主人の男はしばらく脚の傷を抑えていたが、数秒もしないうちに立ち上がり声を荒げ、全力でこちらに走ってくる。


「もう少しだ!ほら、掴むんだ!!」

外の男は鉄柵をよじ登り、少女を引き上げようと手を伸ばす。


「ガシッ!」


先に少女を掴んだのは、柵の外の男だった。両手で少女を引っ張り上げ、裏庭から出すことに成功した。少女は裏庭から出るなり、男の後ろに怯えながら立つ。


主人の男は柵越しに外の男を睨んで叫ぶ。

「おいっ!返せ!俺の娘だと言っただろ!」


少女を守る男は冷静に反論する。

「もしこの子が本当にあなたの娘だとしても、この子はあなたから逃げることを選択した。私は名誉市民として、この子を保護する責務がある。」


「うるせぇ!そいつは奴隷だ!しかも俺はそいつを、虐待から救い出したんだ!暴力は振るってないぞ!」


「黙りたまえ!暴力さえ振るわなければ、虐待にならないとでも思ったか!虐待は重罪だ。その相手が、自分の子だろうと、奴隷だろうと、それは同じだ。
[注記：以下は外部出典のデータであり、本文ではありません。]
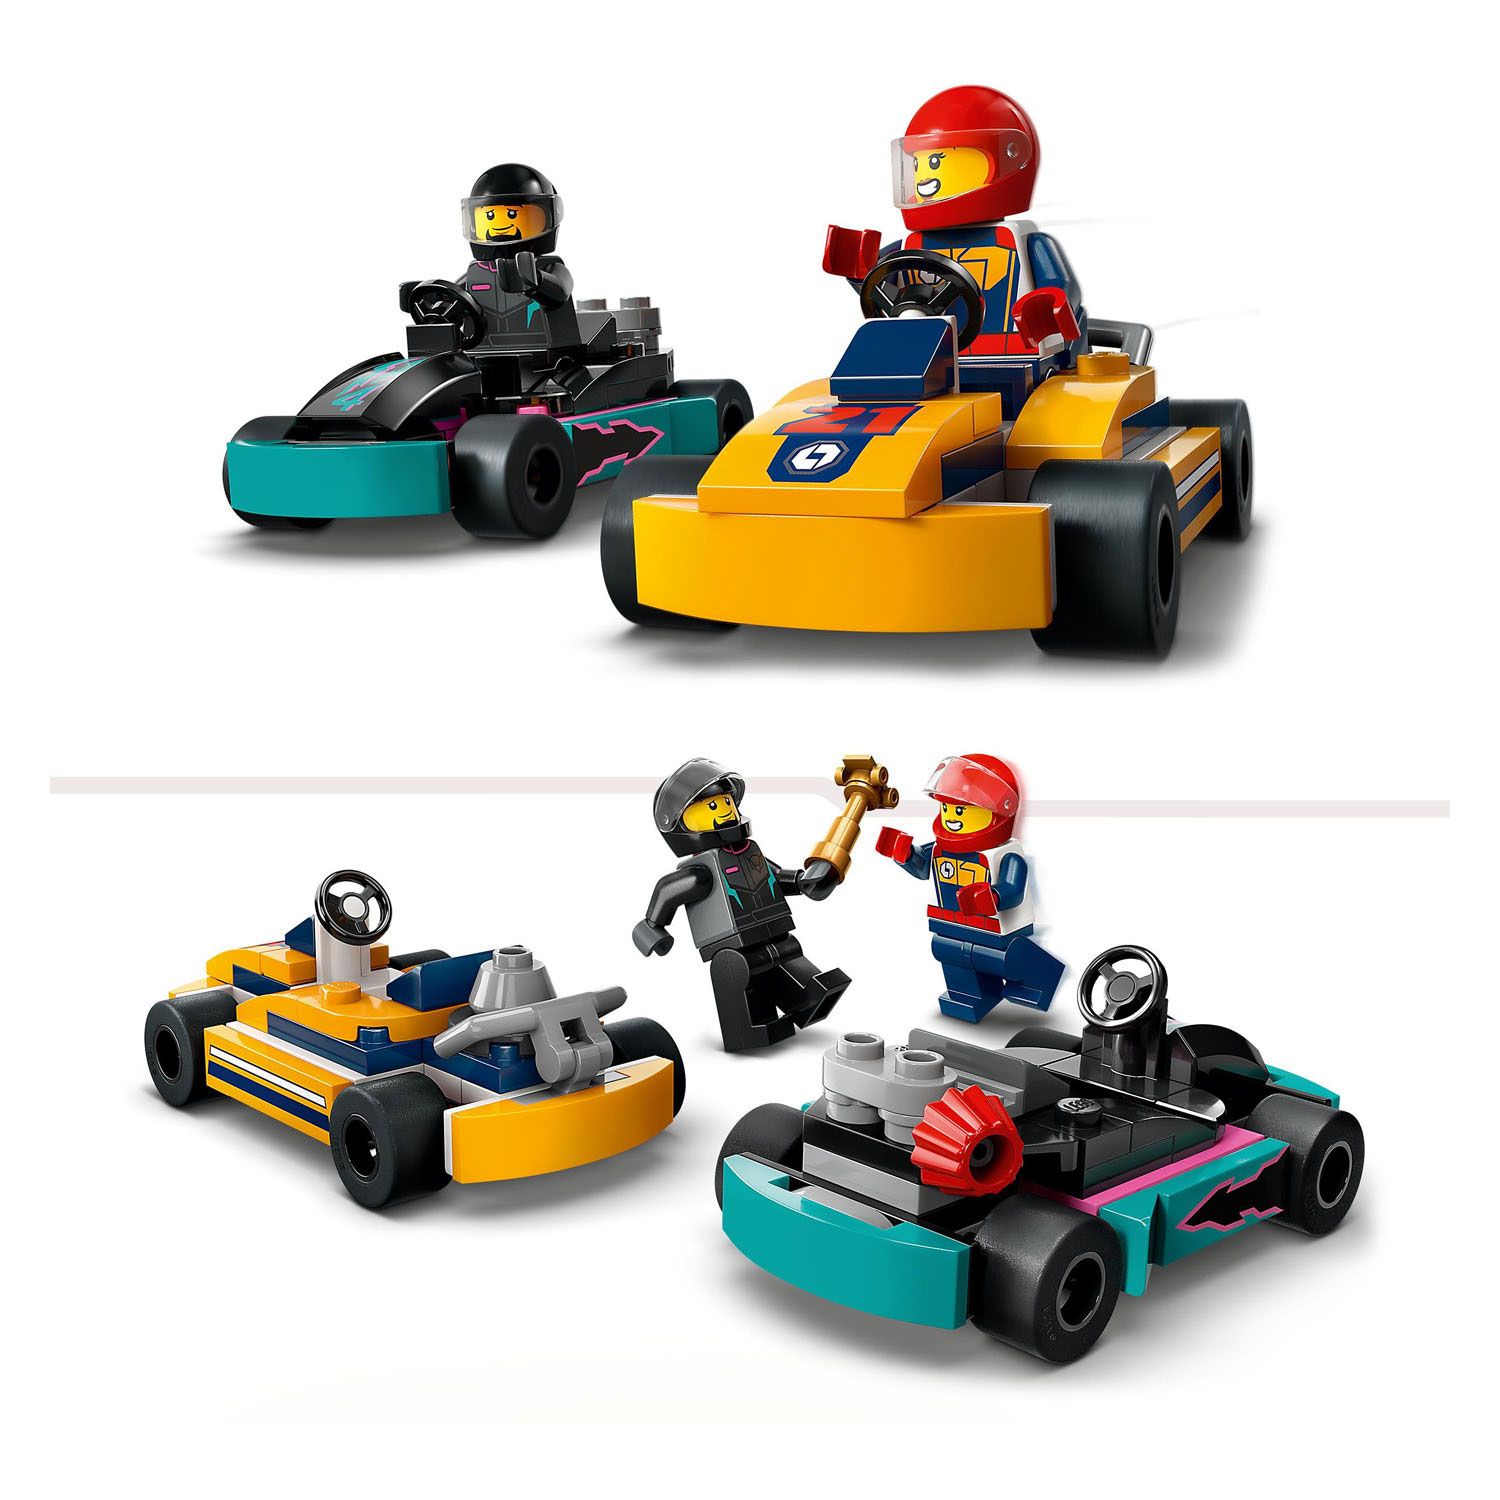 LEGO City 60400 Karts und Rennfahrer

フゥ… 騎士団を呼んでくる。そこで待っていたまえ。」


男は少女を抱き上げ、身を翻してその場を立ち去る。


柵の内側からその様子を見つめる男は、悔しそうに唇を噛んでいた。そして、ベルトのポケットから何かを取り出した。男はこのベルトを、どんな時でも肌身離さず身につけていた。自分を抱き抱える男の肩越しにそれを見ていた少女は、主人の男が何をしようとしているのかをすぐに理解し、叫んだ。


「ダメッ!避けてっ!!」


「えっ?」


少女を抱き抱えていた男が振り返った瞬間、男の脇腹に鋭い痛みが走った。何が起きたのか理解できなかった。しかし、柵の中にいる男の顔の、勝ち誇ったような表情を見た瞬間、理解した。脇腹には、男が投げたナイフが刺さっていた。